Pakistan to use hedging instruments, expand domestic markets in debt management strategy

Government plans to mitigate exchange rate volatility, develop futures and interest rate swap markets

Pakistan plans to utilise hedging instruments to manage exchange rate volatility risks, while also working to develop domestic futures and interest rate swap markets, according to the “Medium Term Debt Management Strategy (MTDS) for FY 2026-28” released by the Debt Management Office, Finance Division.

“The government is committed to actively managing foreign exchange (FX) risk. There are plans to use hedging instruments to mitigate exchange rate volatility risks,” read the Medium Term Debt Management Strategy FY2026-28.

The MTDS projects that nominal GDP will rise from Rs114.7 trillion in FY 2025 to Rs162.5 trillion by FY 2028, driven by growth in the agriculture and manufacturing sectors. It also anticipates an average primary surplus of around 1% of GDP during the strategy period, in line with targets set under the International Monetary Fund (IMF) programme.

The government is committed to managing foreign exchange risk, exploring innovative instruments such as debt-for-nature swaps to reduce external debt risks. The total public debt at the end of FY 2025 is projected to be Rs78.2 trillion (USD 275.9 billion), about 68% of the estimated GDP, with an increasing reliance on domestic financing. Domestic debt’s share in total public debt has risen from around 62% in FY 2023 to 68% in FY 2025.

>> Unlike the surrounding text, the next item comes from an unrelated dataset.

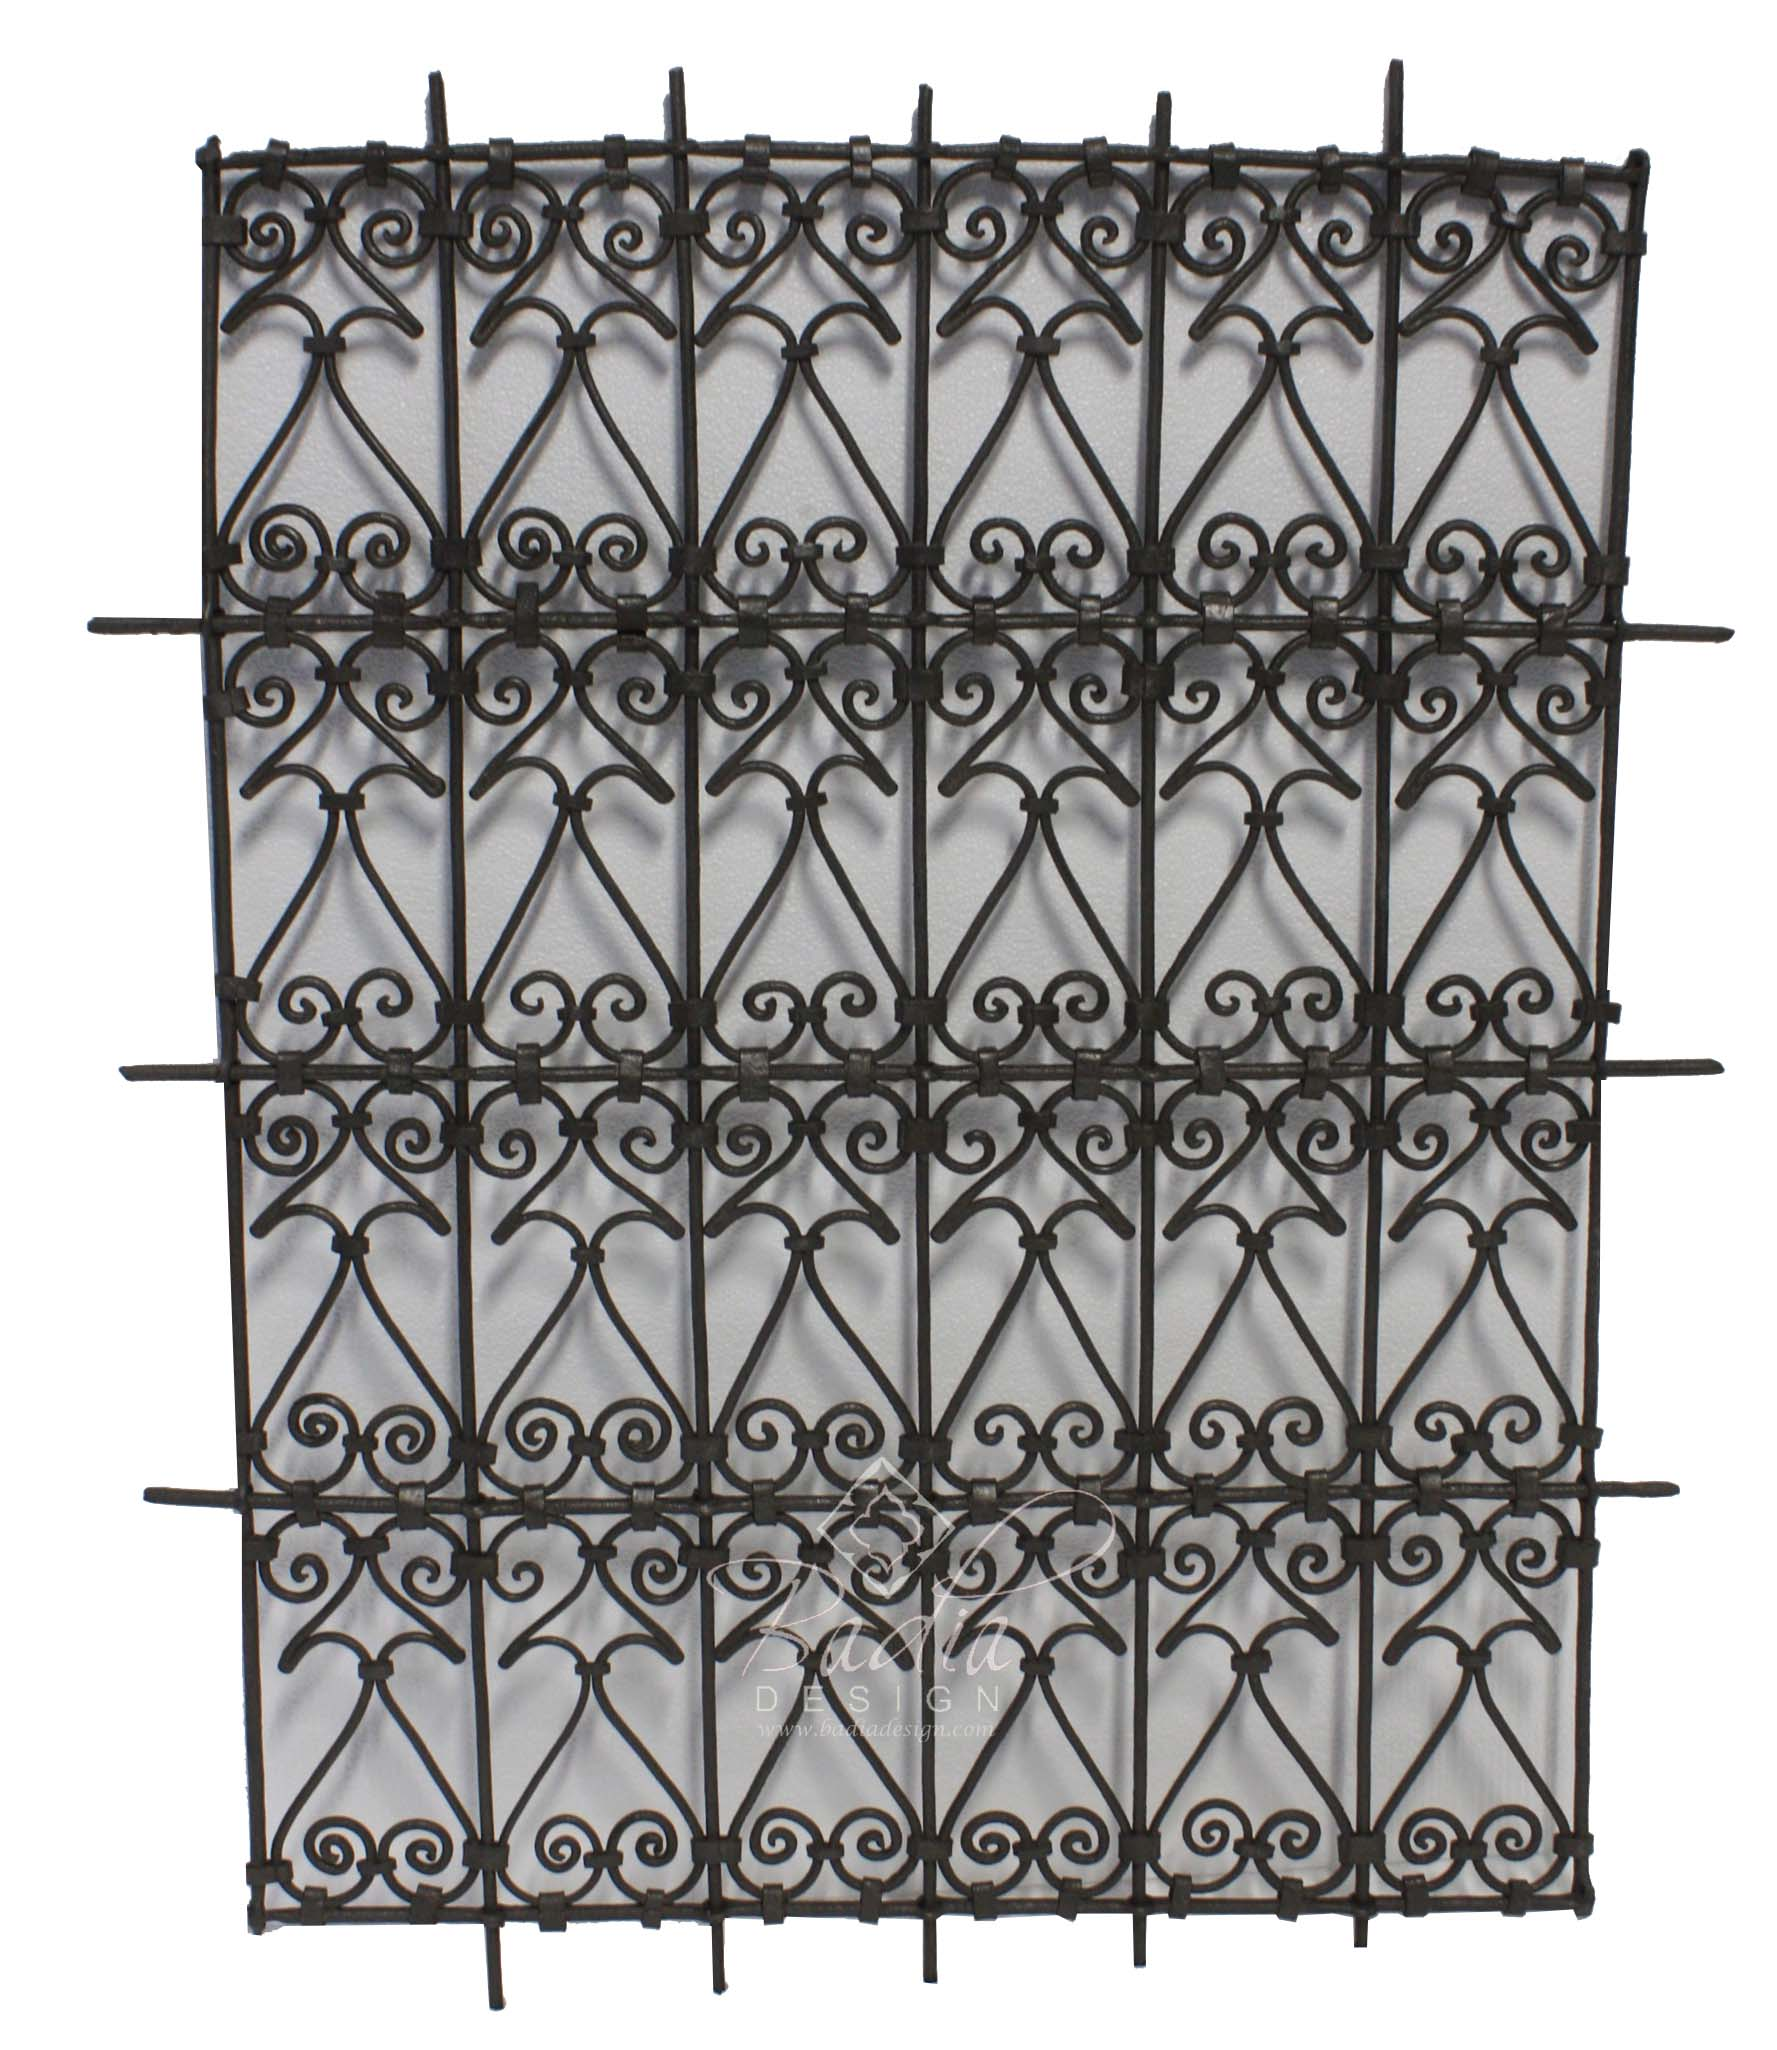 moroccan-rectangular-shaped-wrought-iron-panel-ip021.jpg
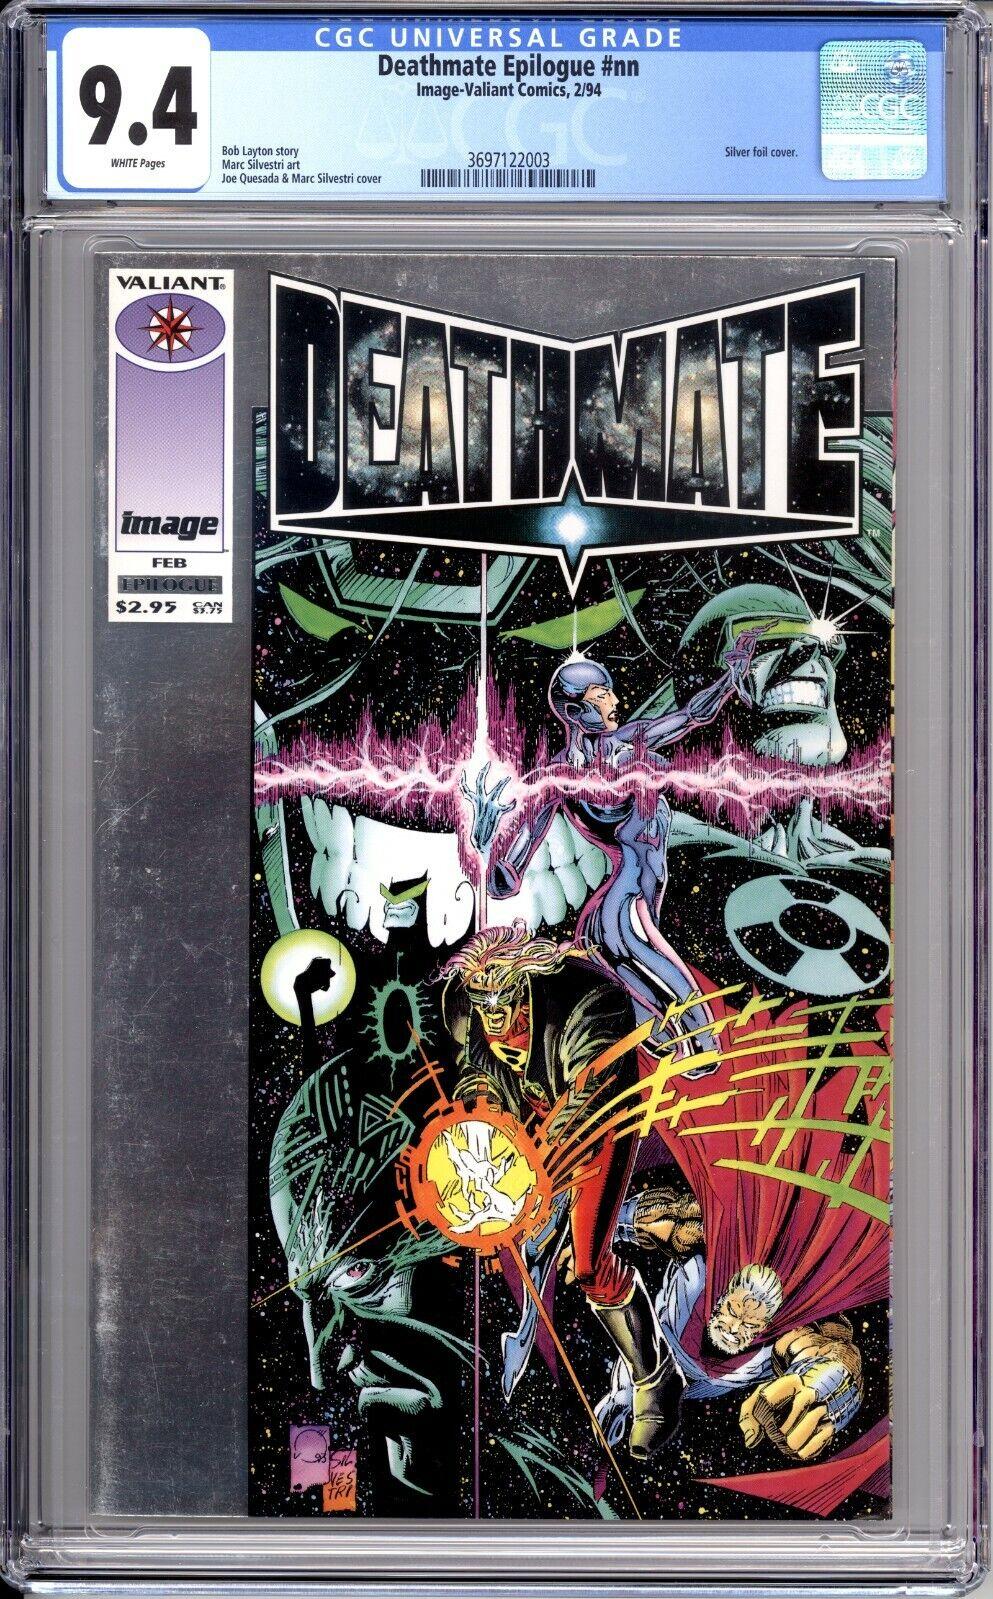 Image Valiant Deathmate Epilogue 1994 Graded 9.4 CGC CBCS Silvestri Layton  - $29.99

The MTDS highlights that the cost of domestic debt remains high, with the overall weighted average interest rate at 11.9%, driven largely by higher domestic borrowing costs. In contrast, external debt carries a much lower weighted average interest rate of 4.4%, reflecting the high share of concessional financing. Domestic debt, however, carries an average rate of 15.82%, placing significant pressure on the country’s finances, with interest payments consuming nearly 6% of GDP in FY 2025.

Refinancing risk has been reduced, with the average time to maturity (ATM) of domestic debt improving from 2.7 years in June 2024 to 3.8 years in June 2025. The ATM for external debt remains over 6.1 years. However, the shift towards floating-rate instruments in domestic debt has raised interest rate risk, as nearly 80% of domestic debt is subject to interest rate refixing in FY 2026.

The MTDS aims to rebalance the debt portfolio by relying more on longer-term, fixed-rate domestic instruments and reducing exposure to short-term, high-cost borrowing. Efforts will be made to increase net issuances of fixed-rate Pakistan Investment Bonds (PIBs), including newly introduced zero-coupon bonds for both conventional and Sharia-compliant markets, to attract long-term institutional investors.

The strategy also places emphasis on expanding Sharia-compliant instruments, aiming for them to make up over 20% of total domestic securities. The government aims to deepen the domestic capital market, limiting the issuance of floating-rate instruments and Treasury Bills (T-bills) to reduce short-term debt accumulation.